Containerization Security

Migrating to Pod Security Admission: Enforcing Baseline and Restricted Profiles Without Breaking Workloads

PodSecurityPolicy was deprecated in Kubernetes 1.21 and removed in 1.25. If your hardening still depends on it, the upgrade that drops it is a cliff, not a ramp. The built-in replacement, Pod Security Admission (PSA), is deliberately simpler: no policy objects, no RBAC to bind, no ordering ambiguity. It trades flexibility for predictability, and that trade is the whole reason a migration can be done without an outage. This is the playbook I run: inventory first, label deliberately, fix the handful of Restricted blockers that account for almost every failure, and flip enforce only when audit has been quiet for a release cycle.

1. The model: three modes, three levels

PSA is a built-in admission controller, enabled by default since 1.25. It evaluates Pods against the Pod Security Standards and applies a verdict per namespace, configured purely through labels. There is nothing to install.

Two axes define behavior. The mode decides what happens on a violation; the level decides how strict the bar is.
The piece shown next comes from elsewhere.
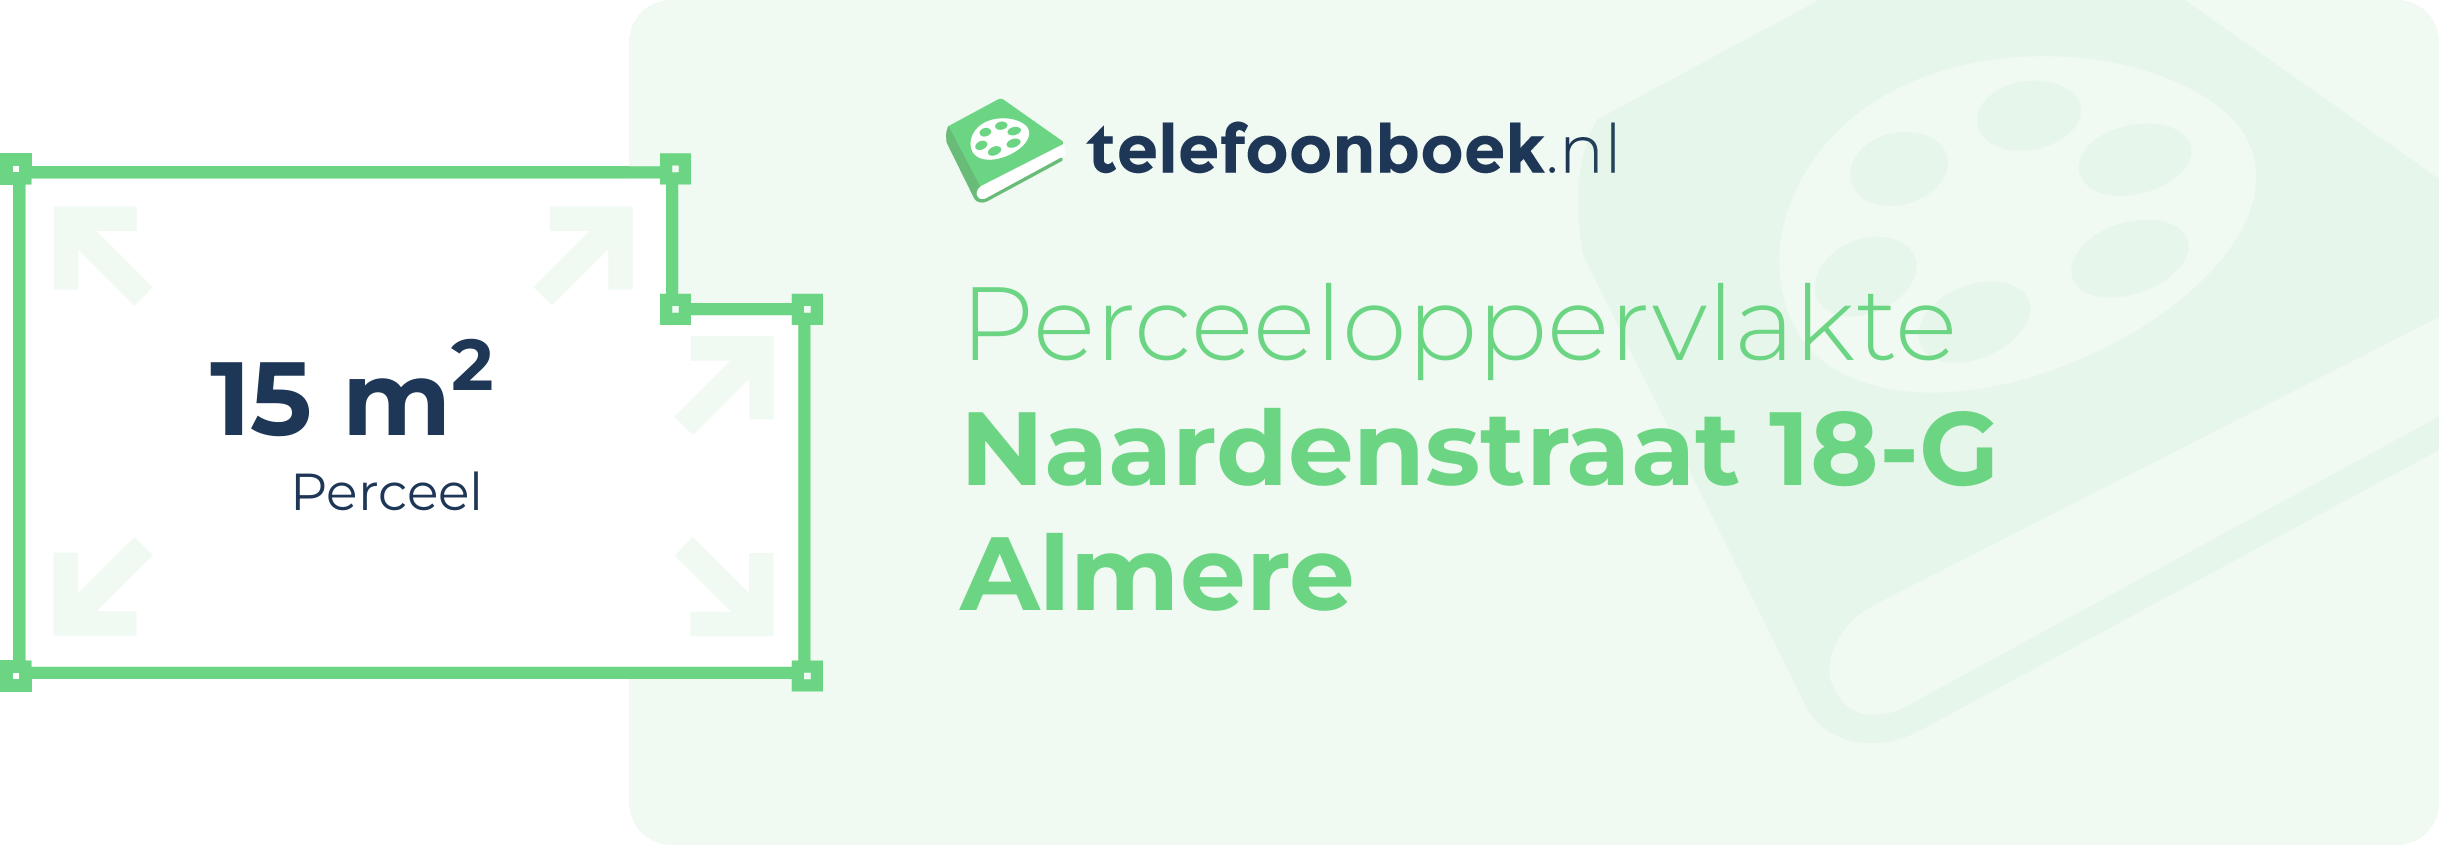 Perceeloppervlakte Naardenstraat 18-G Almere

Mode On violation Blocks creation? Use for
enforce Pod is rejected Yes The actual gate
audit Allowed; annotation written to the audit log No Inventory without disruption
warn Allowed; warning returned to the client No Feedback to whoever applied it
Level Intent Typical fit
privileged Unrestricted, no constraints System / infra namespaces only
baseline Blocks known privilege escalations; minimally restrictive Most application workloads
restricted Hardened, current best practice New workloads, regulated estates

The three modes are independent and can each point at a different level. That is the single most important property for a safe rollout: you can set enforce to baseline while pointing audit and warn at restricted, so the cluster is protected at one bar while you measure the cost of the stricter one.

PSA controls only the Pod security context fields covered by the Pod Security Standards. It does not do image provenance, network policy, resource quotas, or anything custom. If your requirement is not one of runAsNonRoot, capabilities, host namespaces, volume types, seccompProfile, and the like, PSA is the wrong tool and you want Kyverno or a validating webhook (step 6).

A namespace with no PSA labels inherits the cluster defaults, which out of the box are privileged for every mode. That means doing nothing leaves you wide open — an empty cluster is not secure by default, it is permissive by default.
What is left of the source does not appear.